Recombinant Factor XIII, Safe and Novel Treatment for Congenital Factor XIII Deficiency

Abstract 20

Congenital Factor XIII (FXIII) deficiency is a rare autosomal recessive disorder affecting approximately 1 in 2–5 million individuals without gender or ethnic predilection. The plasma form of FXIII is a heterotetramer [A₂B₂] comprising two FXIII-A subunits and two FXIII-B subunits. A-subunit deficiency predominates (95%). FXIII deficient patients have a high risk of life-threatening bleeds, notably spontaneous intracranial haemorrhage. They experience impaired wound healing, and recurrent first trimester spontaneous abortions. Given the severity of the disorder there is a clinical need for providing effective haemostatic replacement therapy. Currently, only plasma derived products are approved for use in the United States. These may carry a risk of blood borne infection, sensitization and allergic reactions.

A multi-center, multi-national, open-label, single-arm, multiple dosing phase 3 (prophylaxis) trial was undertaken to evaluate the efficacy and safety of a novel recombinant FXIII (rFXIII) in the prevention of bleeds in congenital FXIII-A subunit deficiency. This rFXIII-A₂ dimer is expressed in Saccharomyces Cerevisiae and is an exact copy of the human A-subunit, which is the active cross-linking enzyme. When rFXIII is administered, it immediately binds to the B subunit that is present in the bloodstream. Forty-one patients aged ≥7 years [mean: 26.4 (range: 7–60); 23 males; 18 females] with a diagnosis of severe congenital FXIII-A subunit deficiency were enrolled. Patients entered a 4-week run-in period followed by monthly treatment with 35 IU/kg of rFXIII for 52 weeks. Informed consent was obtained prior to any trial-related activities. Bleeding episodes and adverse events were recorded. Testing was conducted monthly to measure pre- and post-dose FXIII activity and concentration, 5M urea clot solubility and anti-FXIII antibodies. Where antibodies were found, detailed testing for neutralizing potential was performed. Data were compared with bleeding rates based on historical data.
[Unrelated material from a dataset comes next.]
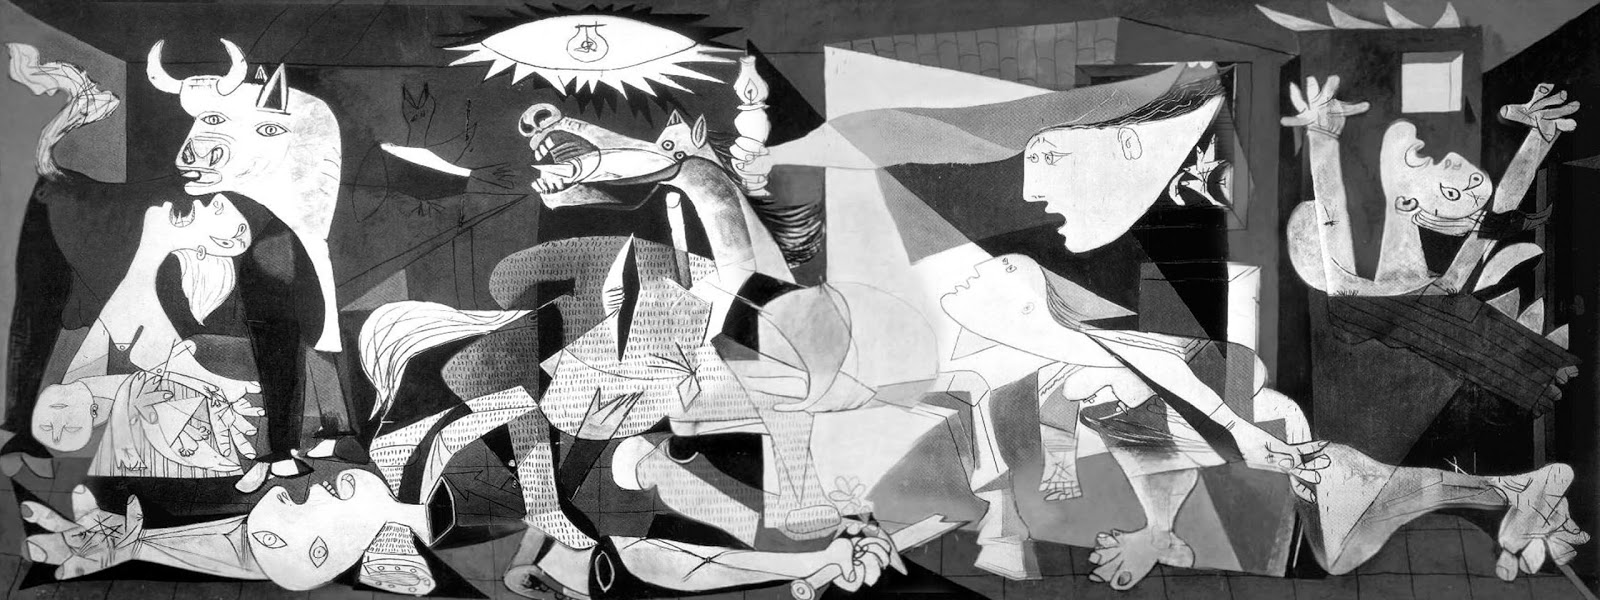 Guernica Pablo Picasso 1937 ~ High resolution Art photos museum quality
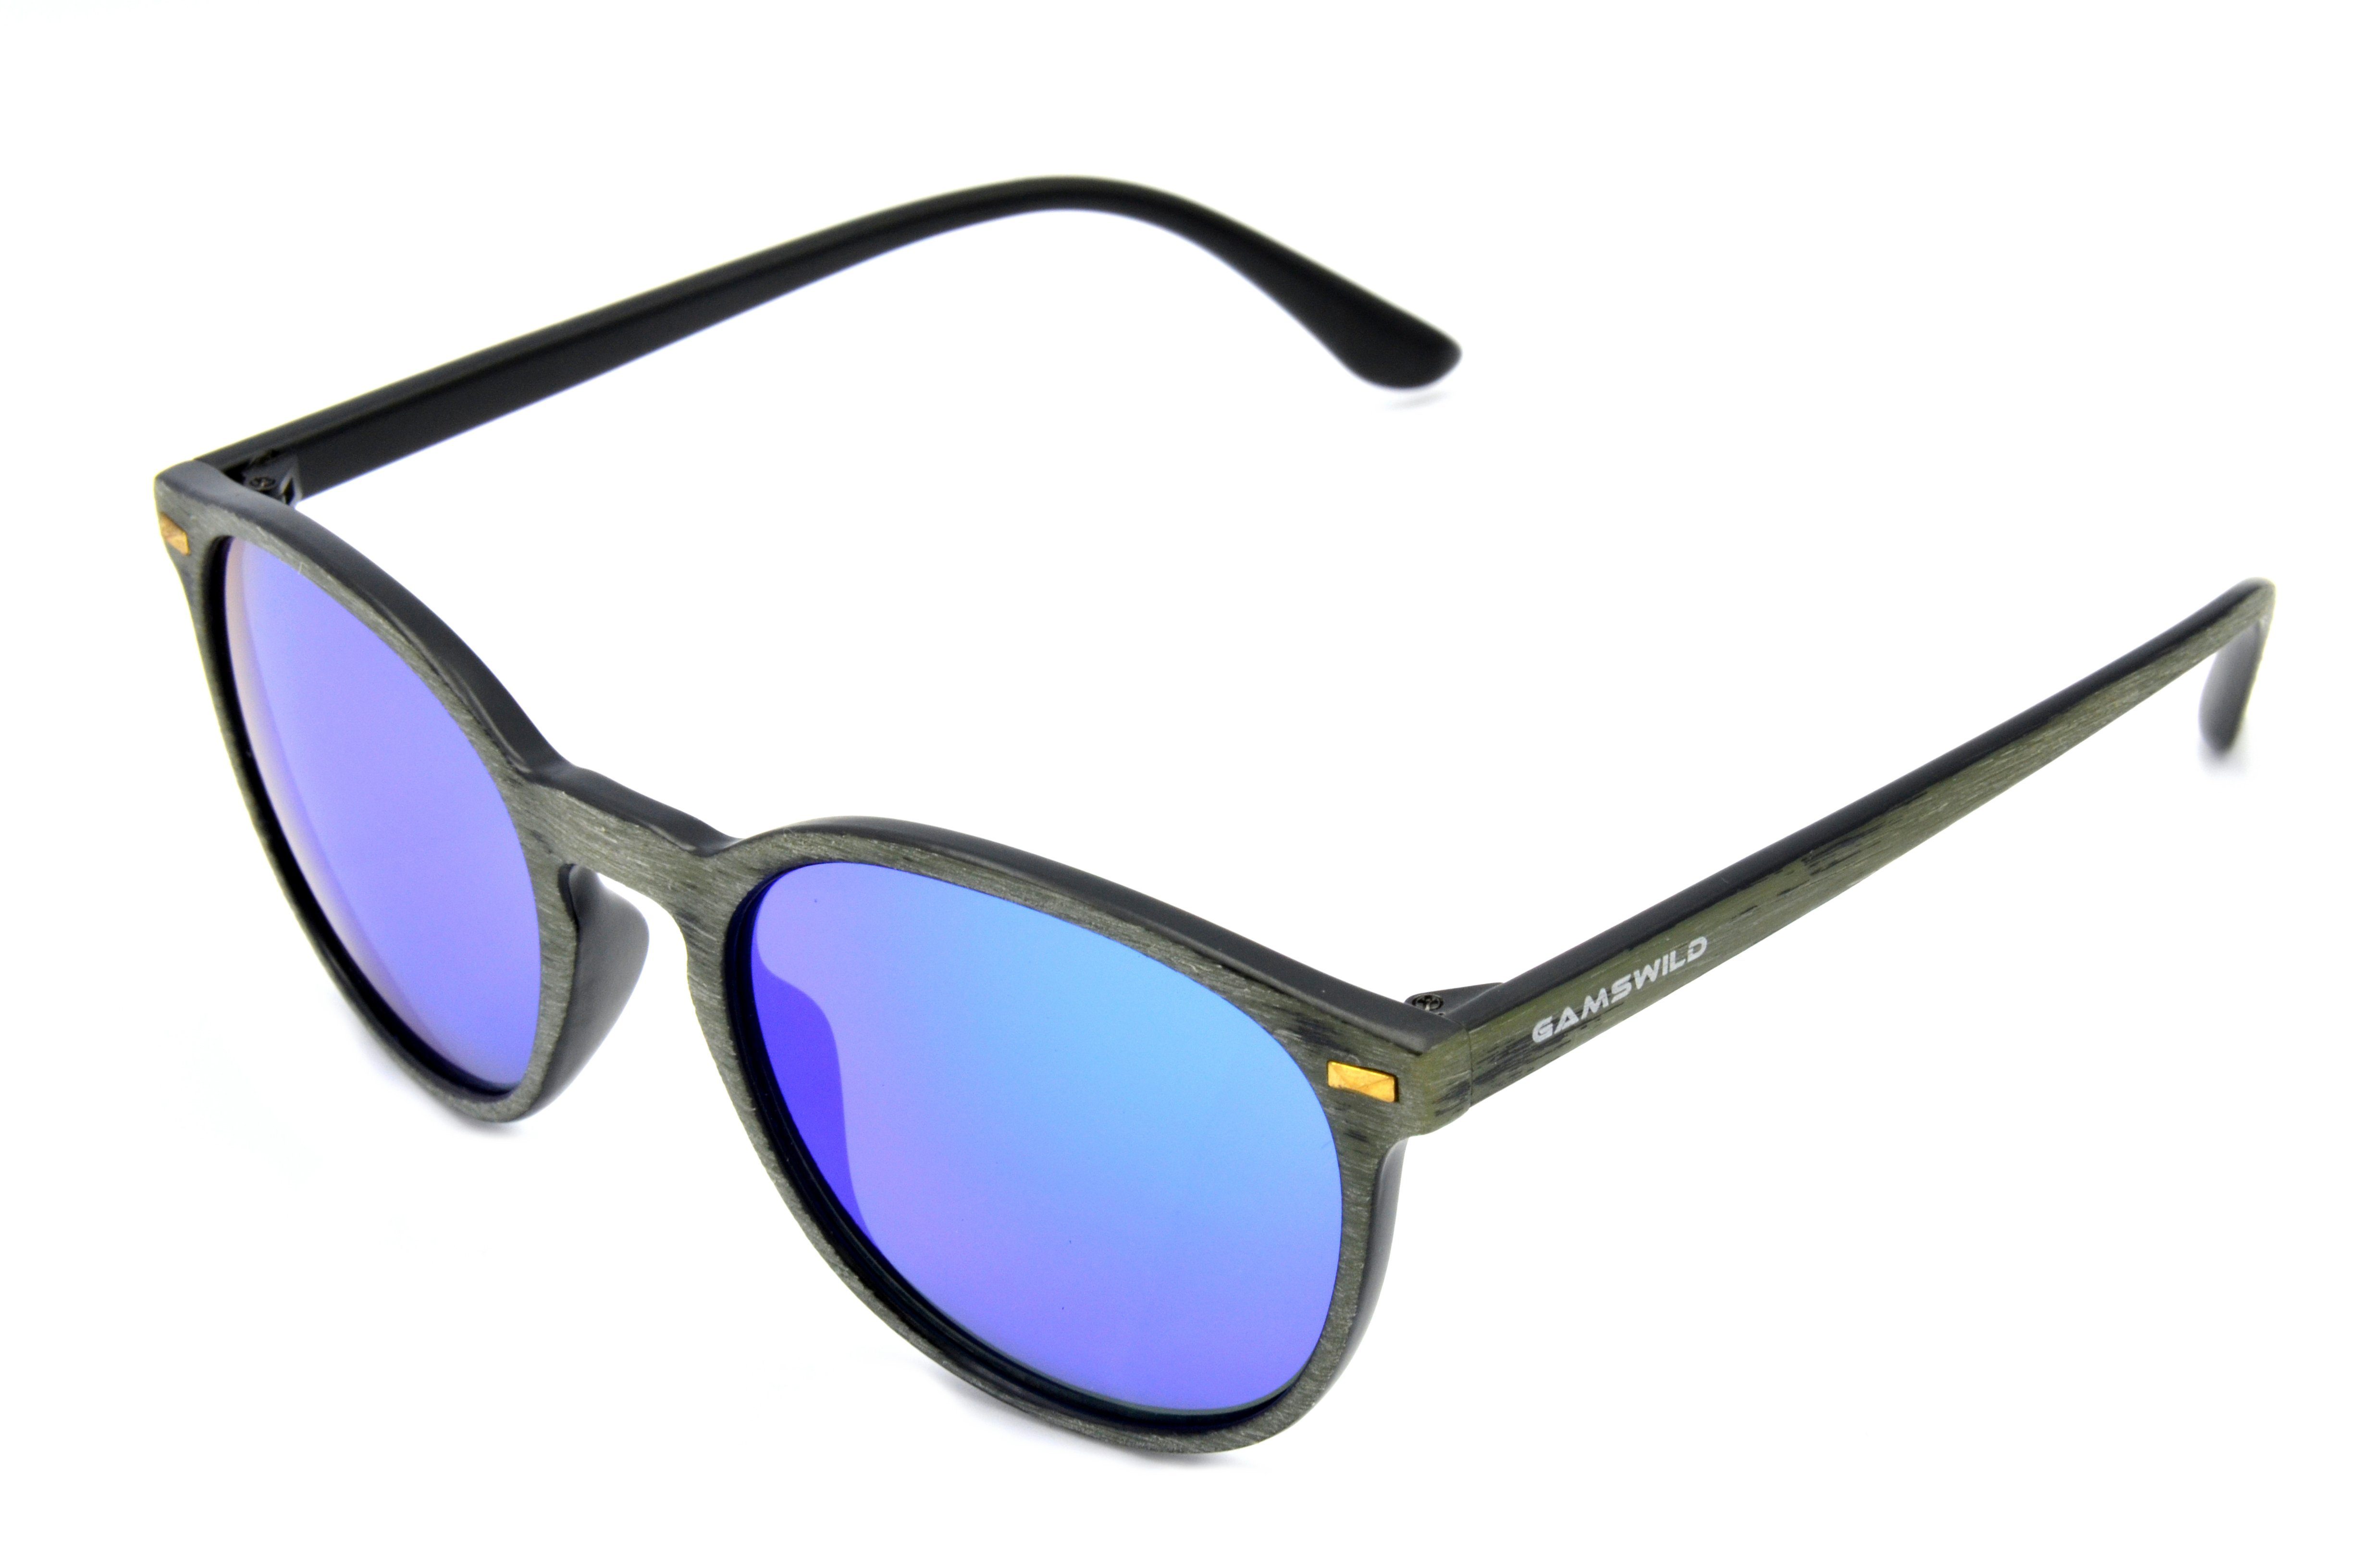 Gamswild Sonnenbrille »WM1020 GAMSSTYLE Mode Brille Damen Herren Unisex  Holzoptik, gold, blau, grün-türkis, pink, rot« online kaufen | OTTO

During the treatment period with rFXIII (466 patient months) five bleeding episodes treated with FXIII-containing products were observed in four patients. All five were associated with trauma. No spontaneous bleeds that require treatment or intracranial haemorrhage occurred during rFXIII treatment period in any of the patients. The annual rate of bleeds requiring treatment was estimated via a Poisson model to be 0.048 bleeds/patient/year (95% CI: [0.0094; 0.2501] - significantly lower than the historic bleeding rate of 2.91 (p<0.0001). The crude mean rate of bleeding was 0.138 bleeds/patient/year. The occurrence of bleeds requiring treatment was not associated with low FXIII activity levels in study patients. The average FXIII activity at 1 hr post-dose was 77.0 ± 20.3% (mean±SD). The mean incremental increase in activity from pre-dose to 1 hr post-dose was 1.68 ± 0.51% /IU/ kg. Four patients developed transient, non-neutralizing, low-titer anti-rFXIII antibodies. None of these patients developed anaphylactic or allergic reactions, bleeding episodes or changes in FXIII pharmacokinetics at any time. Furthermore, the non-neutralizing antibodies declined below the limit of detection in all patients despite repeated exposure to rFXIII or other FXIII containing products. Consequently, these low titer, non-neutralizing antibodies appear to be clinically insignificant. No clinical safety issues, thromboembolic events, or fatal adverse events were recorded. In conclusion, rFXIII-A₂ is safe and effective prophylaxis for preventing bleeding episodes in patients with congenital FXIII-A subunit deficiency.